3. Presse Quotidienne Régionale<

 Le Midi Libre concentré, rassuré, « dépouillé ». Rappel : pour se désendetter, Le Monde qui doit 115 millions aux banques, solde le Midi Libre acquis lors des dispendieuses années Colombani. Le Groupe Sud Ouest [GSO] qui n’a que le mot « synergie » à la bouche, est prêt à débourser les « quelque 90 millions d’euros ». Or, « Tout irait donc pour le mieux si GSO, […] n’avait proposé à la Dépêche du Midi (Toulouse) d’entrer dans l’opération à parité de capital. » Mais, « La Dépêche » est « l’ennemi traditionnel » du Midi Libre (Libération du 24 septembre 2007).
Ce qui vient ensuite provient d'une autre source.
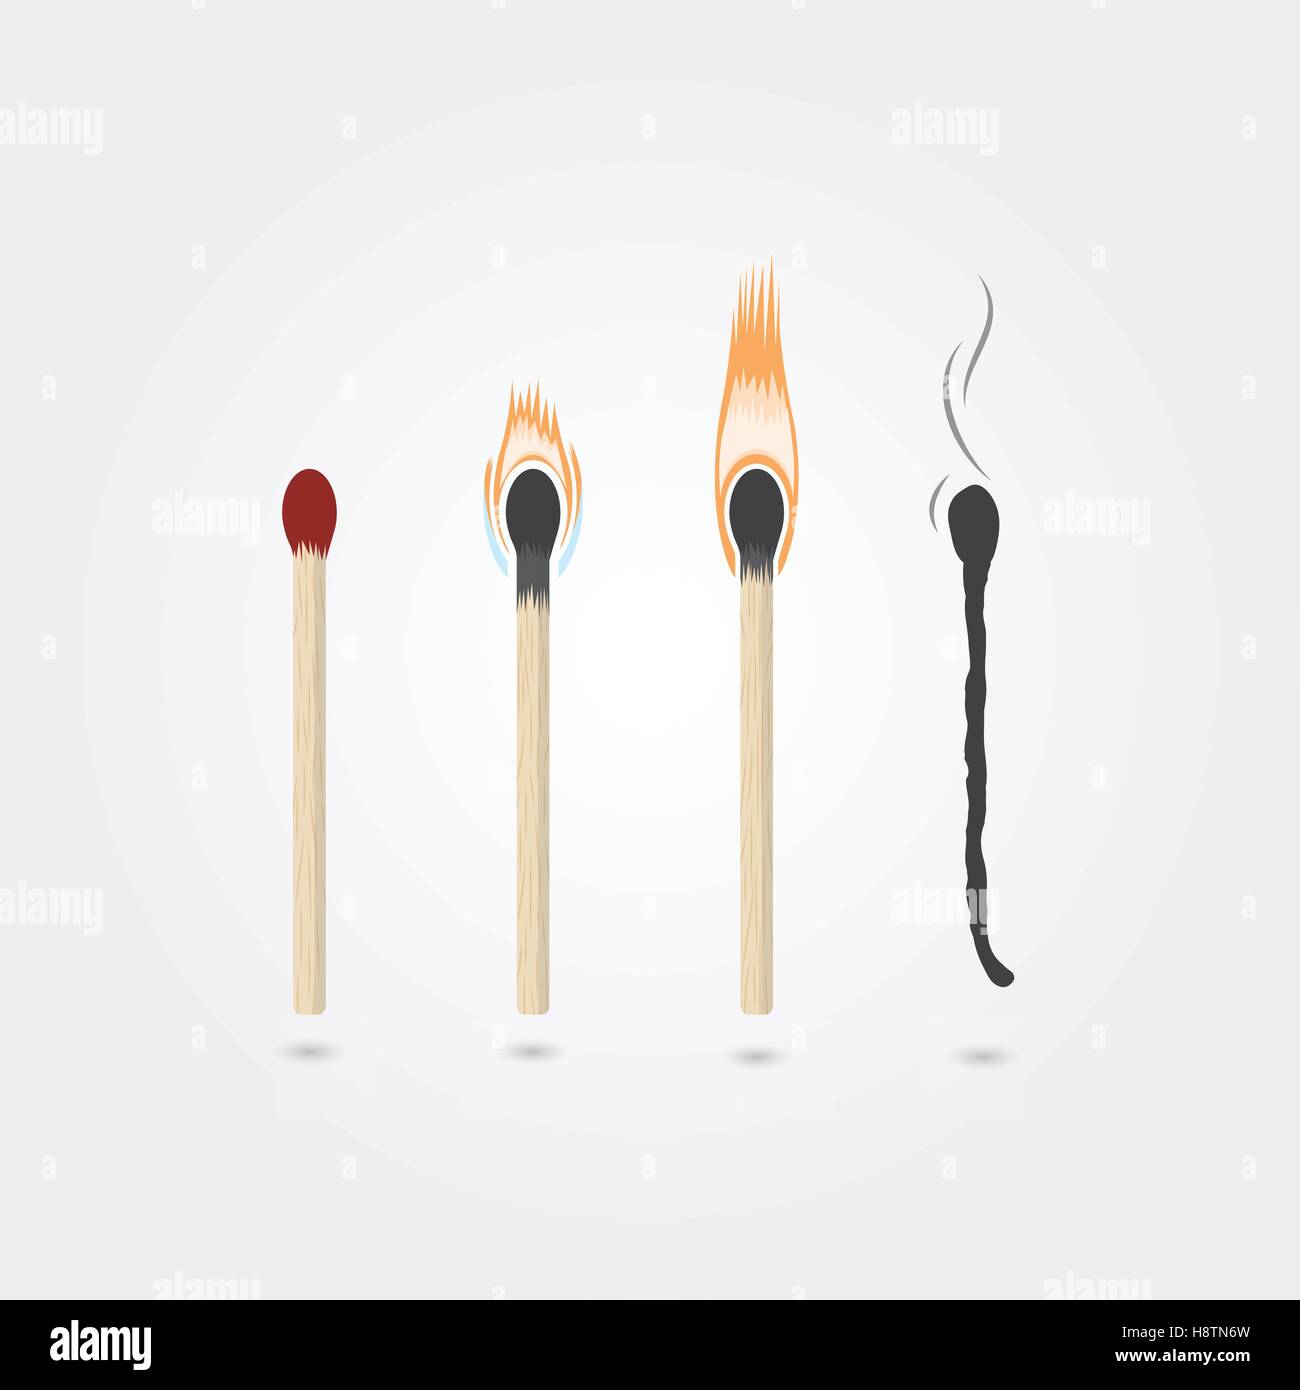 Four stages of burning matches. Realistic vector illustration. Stock Vector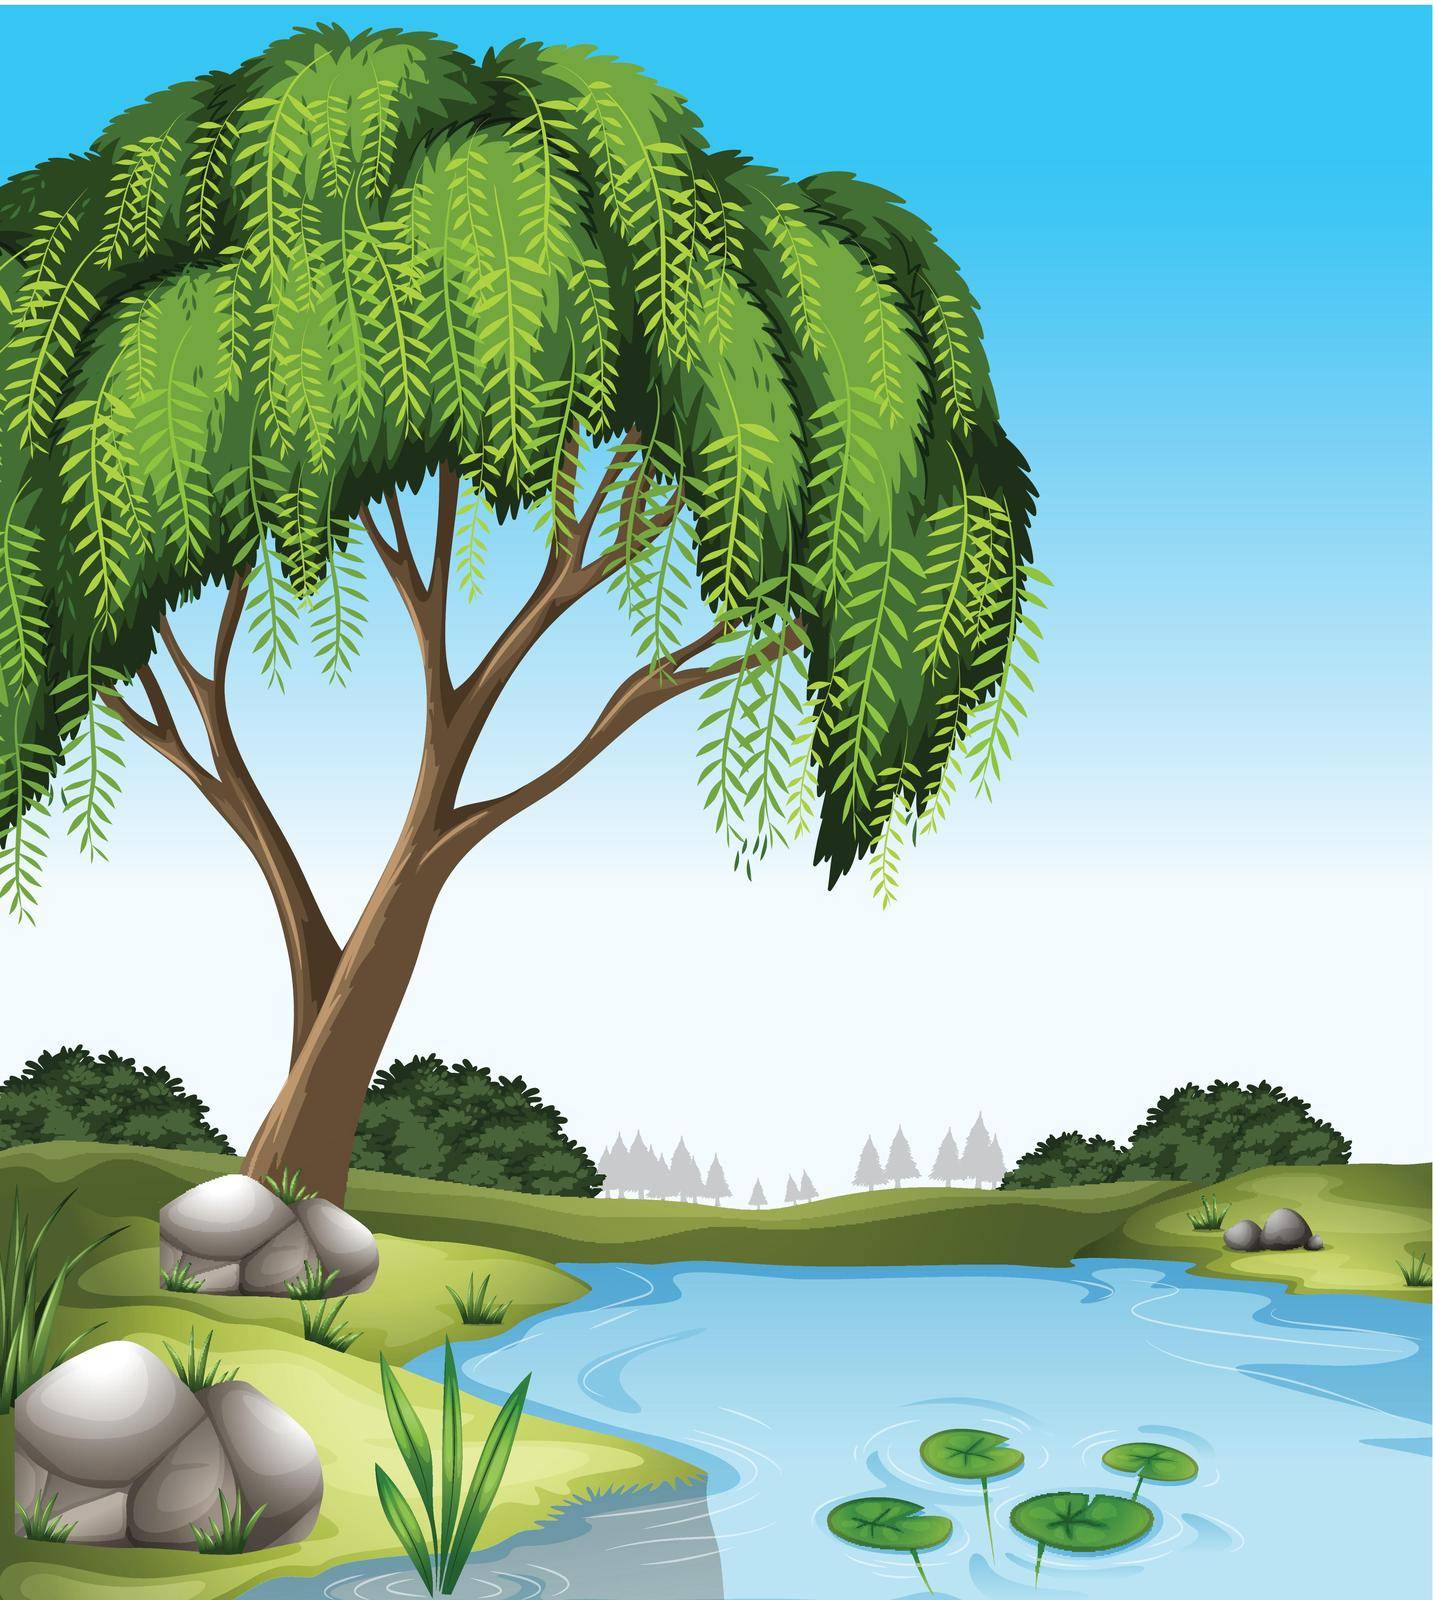 Poster of a tree at the bank of a river

- Grincements de dents... « Notre histoire avec Le Monde est jonchée de grandes déclarations et d’énormes déceptions, résume Olivier Clerc, médiateur du Midi libre et cogérant de la Société des journalistes (Sojomil). (…) “On a surtout l’impression de s’être fait dépouiller”, poursuit un élu du personnel qui souligne qu’après avoir fait remonter près de 30 millions d’euros de trésorerie à Paris durant six ans, Le Monde a également bénéficié de prêts de la part du Midi libre ainsi que de dividendes et de dividendes exceptionnels (dont 18 millions en juillet 2006). » (Libération du 24 septembre 2007). De fait, lors d’un comité d’entreprise (5 octobre 2007) les représentants de GSO et de La Dépêche ont « cherché à rassurer les représentants du personnel en mettant en avant cinq engagements » ( Les Echos du 6 octobre 2007).
- Le rachat «  portera sur l’intégralité du capital de la Société du Journal Midi Libre par le Groupe Sud-Ouest, et à parité s’il est accompagné par La Dépêche.  »,
- « la présidence du conseil de surveillance du Midi Libre sera assurée par un représentant de Sud-Ouest, la vice-présidence par " un représentant du partenaire " » (La Dépêche) ;
- « L’indépendance éditoriale est préservée et assurée de façon pérenne » :
- « les intérêts du Groupe Les Journaux du Midi » seront « préservés dans la mise en œuvre de toutes synergies ou opérations communes significatives avec le Groupe Sud-Ouest ou tout autre partenaire » ;
- « la direction générale des Journaux du Midi « participe directement à toute réflexion concernée par le point précédent ».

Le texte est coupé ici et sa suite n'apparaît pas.